Darwinia

by Robert Charles Wilson
Reviewed date: 2009 Mar 5
Rating: 2
384 pages
cover art

I find it curious that I happened to read both The Voyage of the Space Beagle and Darwinia right around the 200th anniversary of Charles Darwin's birth. Coincidence, or divine interventionnatural selection?

Darwinia is the better of the two books. It starts out as an alternate history: in 1912, Europe and everything on it disappears. In its place is a new continent, covered with lush primeval forests. Science is unable to explain this tragic miracle, but the world gets busy colonizing the new continent of Darwinia.

I half expected a Burroughsesque tale of heroism and adventure in the primitive lands of the new continent, but Wilson goes a different direction. He introduces us to Guilford Law, a photographer on the first major exploratory expedition to Darwinia. Through Guilford we gradually learn the dreadful secret behind the disappearance of Europe and the new continent of Darwinia.

The disappearance of Europe is An Event of such magnitude that no explanation could possibly be satisfactory. The intrigue of Darwinia is more interesting than the clinical details of the how and why of The Event. Wilson should have stuck with alternate history. Instead, he veers off into crazy land.

Darwinia is not alternate history, it's more like The Matrix. Billions of years after Earth's sun grew cold and died, the universal intelligence has created the Archive, a repository of all knowledge. Within the Archive, periods of history are replayed over and over, like a documentary film that loops continuously at a museum. Guilford Law and everyone else are virtual people in a virtual Earth.

The Archive is infected with psilife, which is akin to an intelligent, mutating computer virus.
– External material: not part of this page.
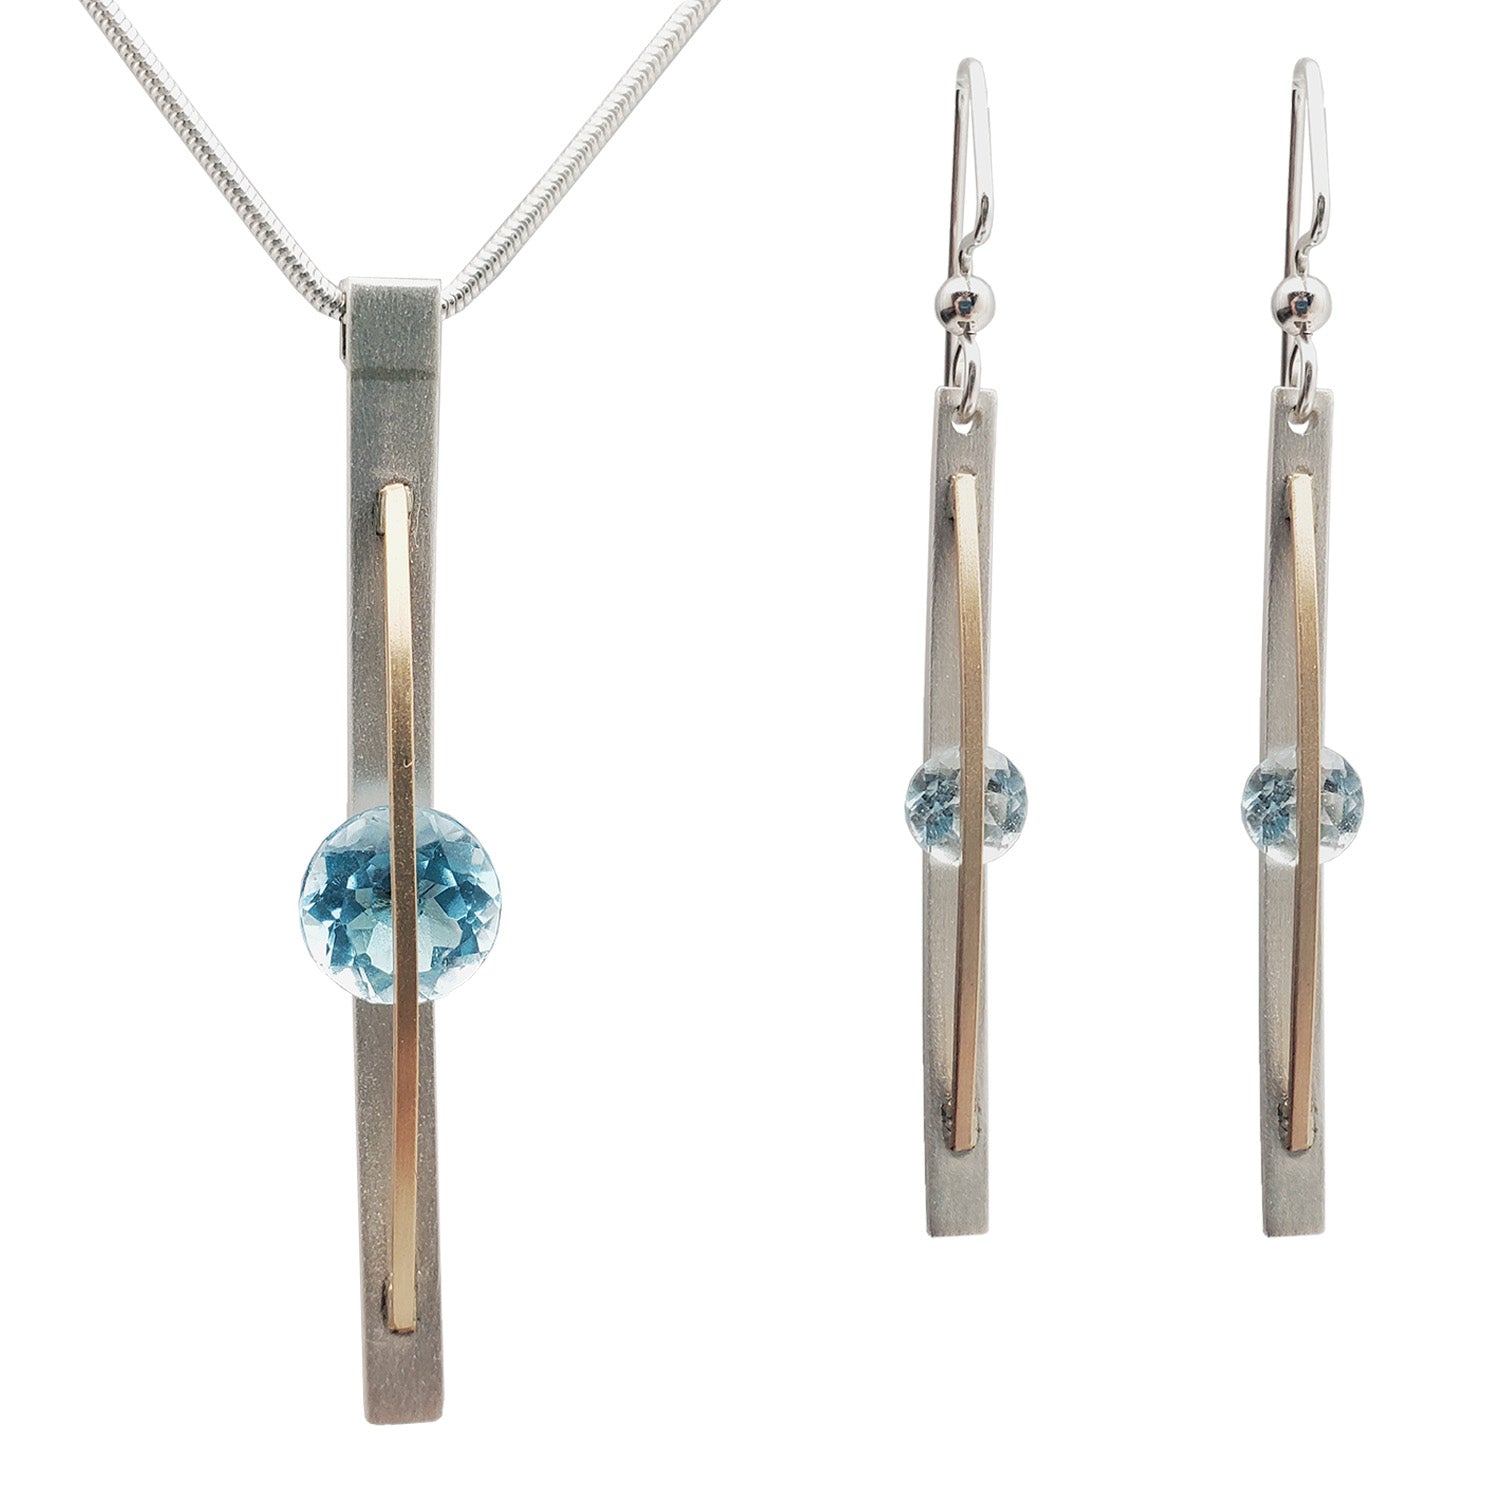 Blue Topaz Necklace or Earrings

Psilife is rewriting the Archive to protect itself; the disappearance of Europe is the result of psilife activity. The keepers of the Archive are at war with psilife, and they've drafted Guilford Law to fight psilife on Earth.
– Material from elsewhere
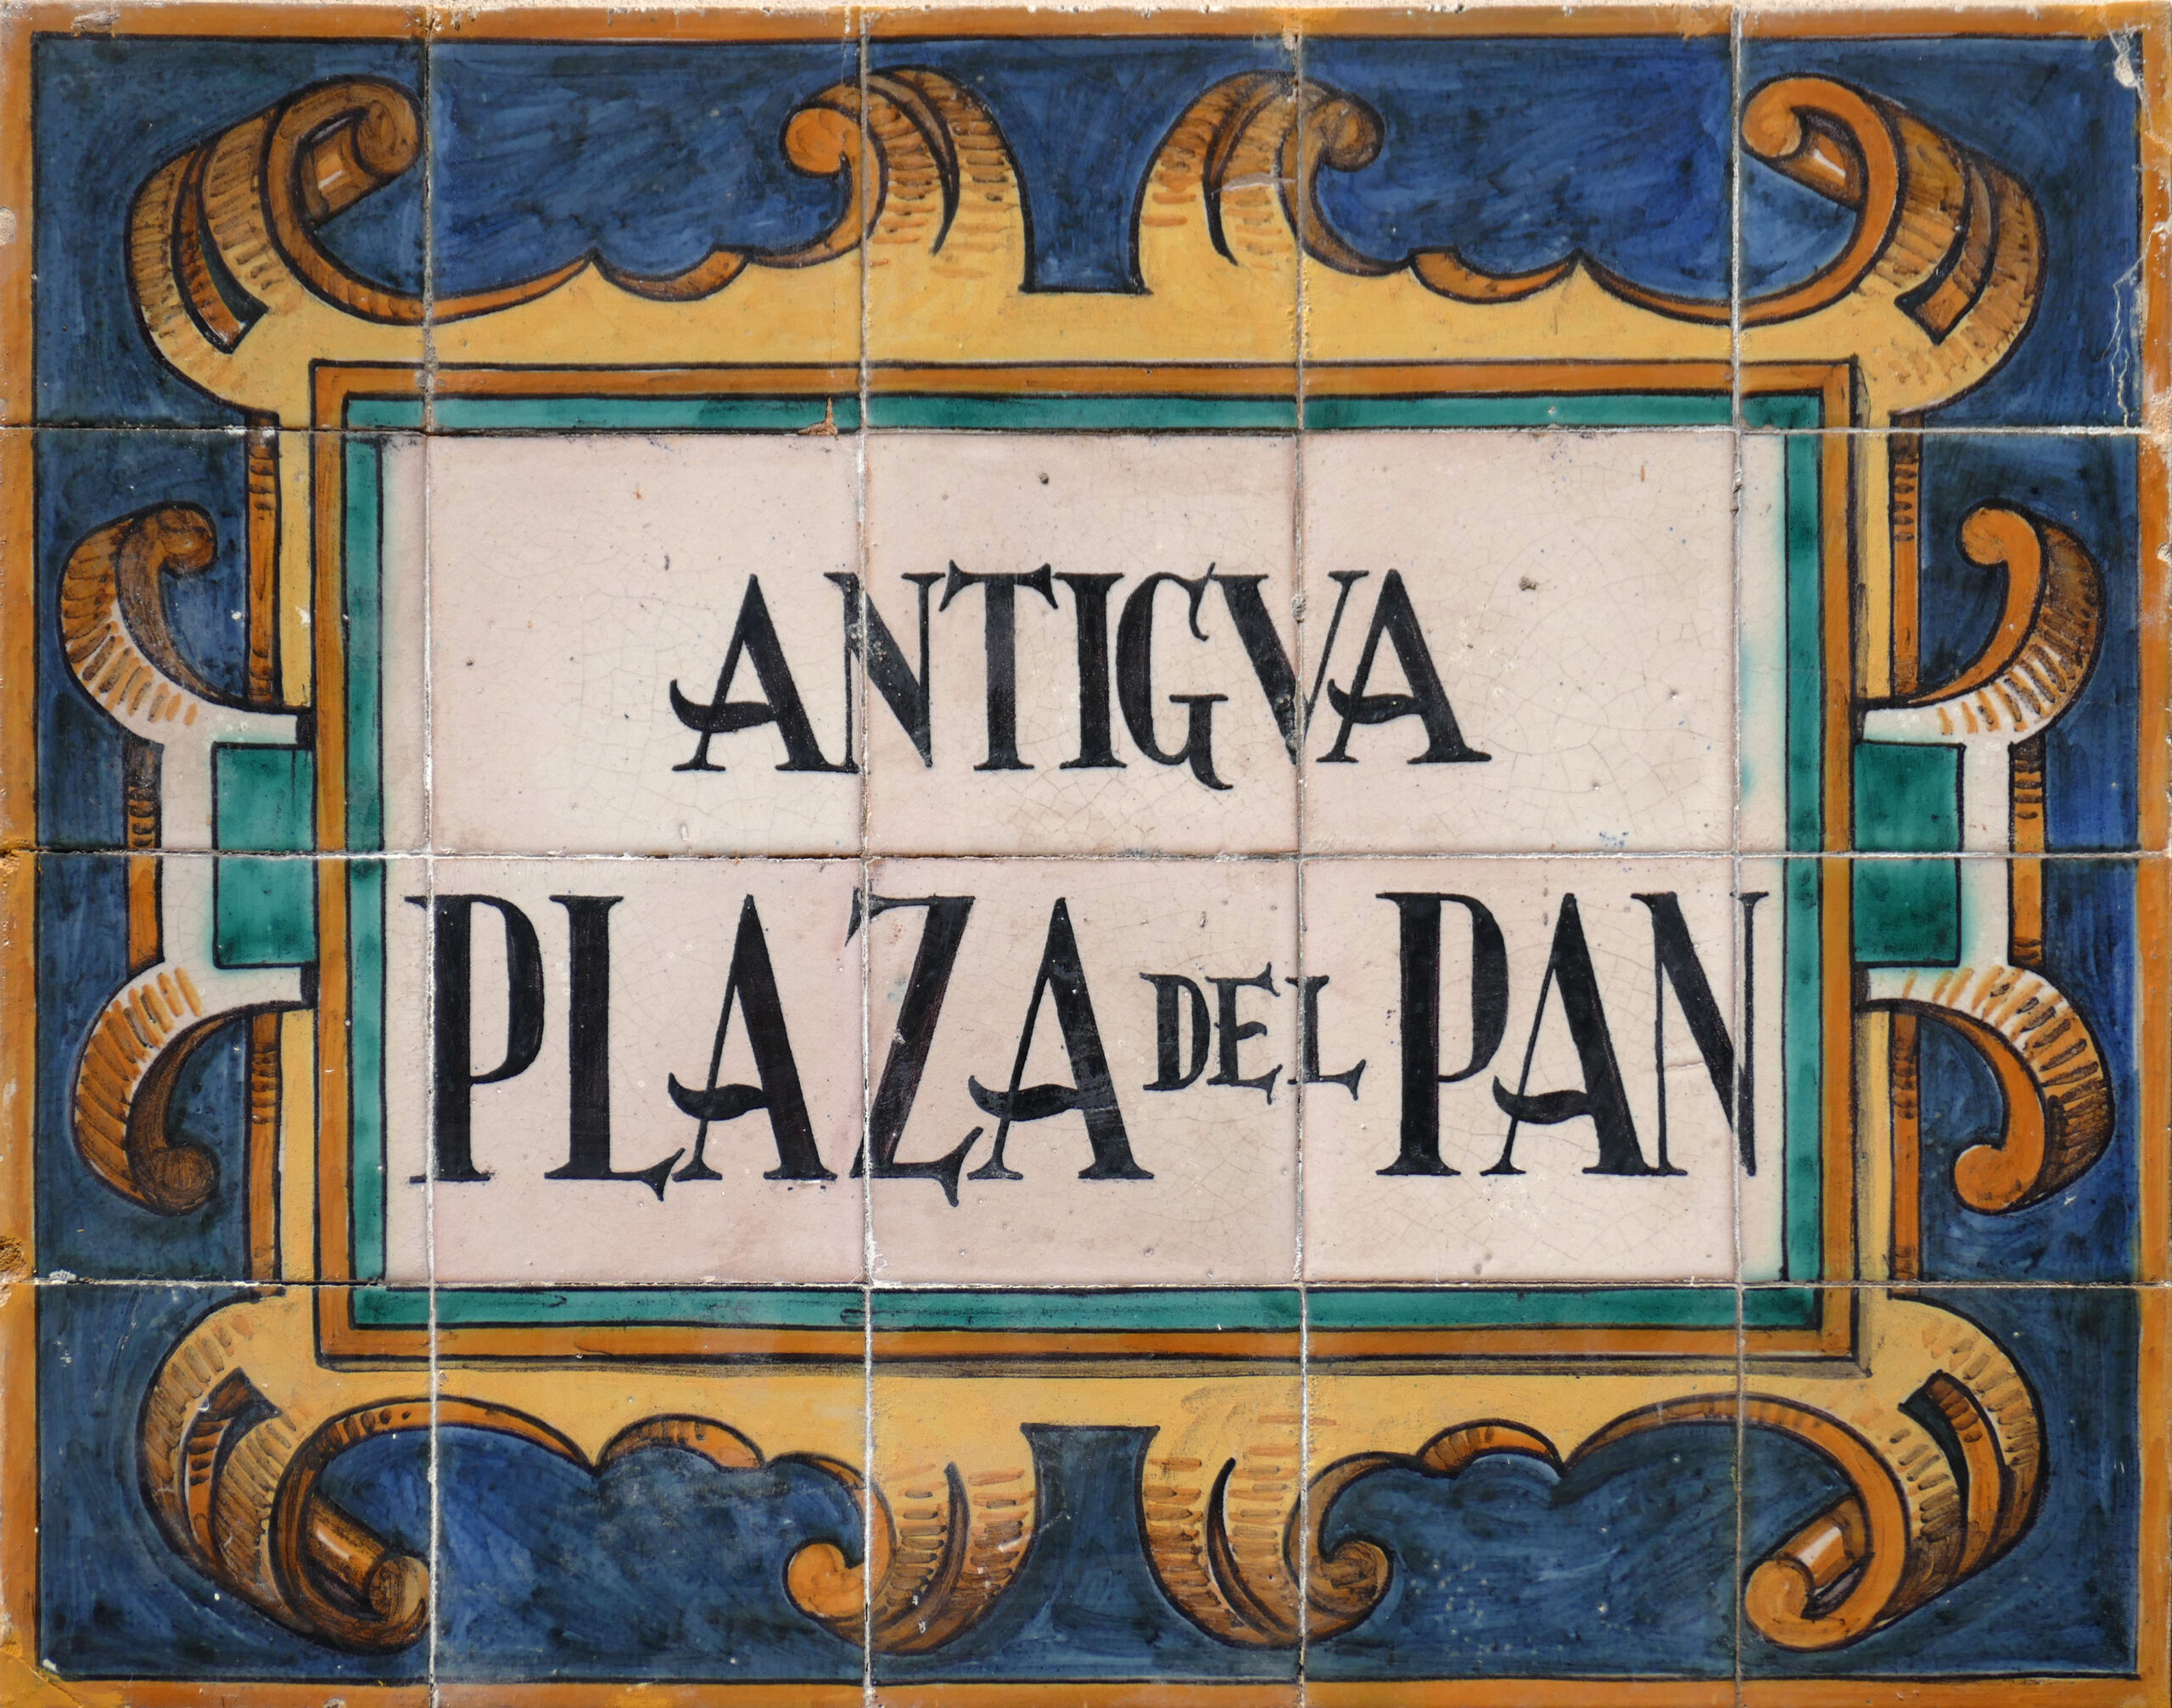 00994. Rótulo de la antigua plaza del Pan. Sevilla.

Wilson writes well, but the idea is ludicrous. Seriously, he wants me to believe that the makers of the Archive can only combat psilife by drafting the virtual denizens of the Archive to fight for their cause? And oh! How precisely does Guilford defeat psilife? Why, he fights his way to the Nexus, which is a deep shaft in the forest of Darwinia. The Nexus is psilife's access point to Earth. Guilford jumps into the shaft, thereby...what? Closing the Nexus, I think. Somehow his act denies psilife further access to Earth. It makes no sense.

Darwinia offers a glimpse of an engaging alternate history, complete with a savage, untrammeled continent ready for the taking. Wilson all but ignores the primeval allure of Darwinia and presents a disappointing explanation for The Event. Darwinia is disappointing.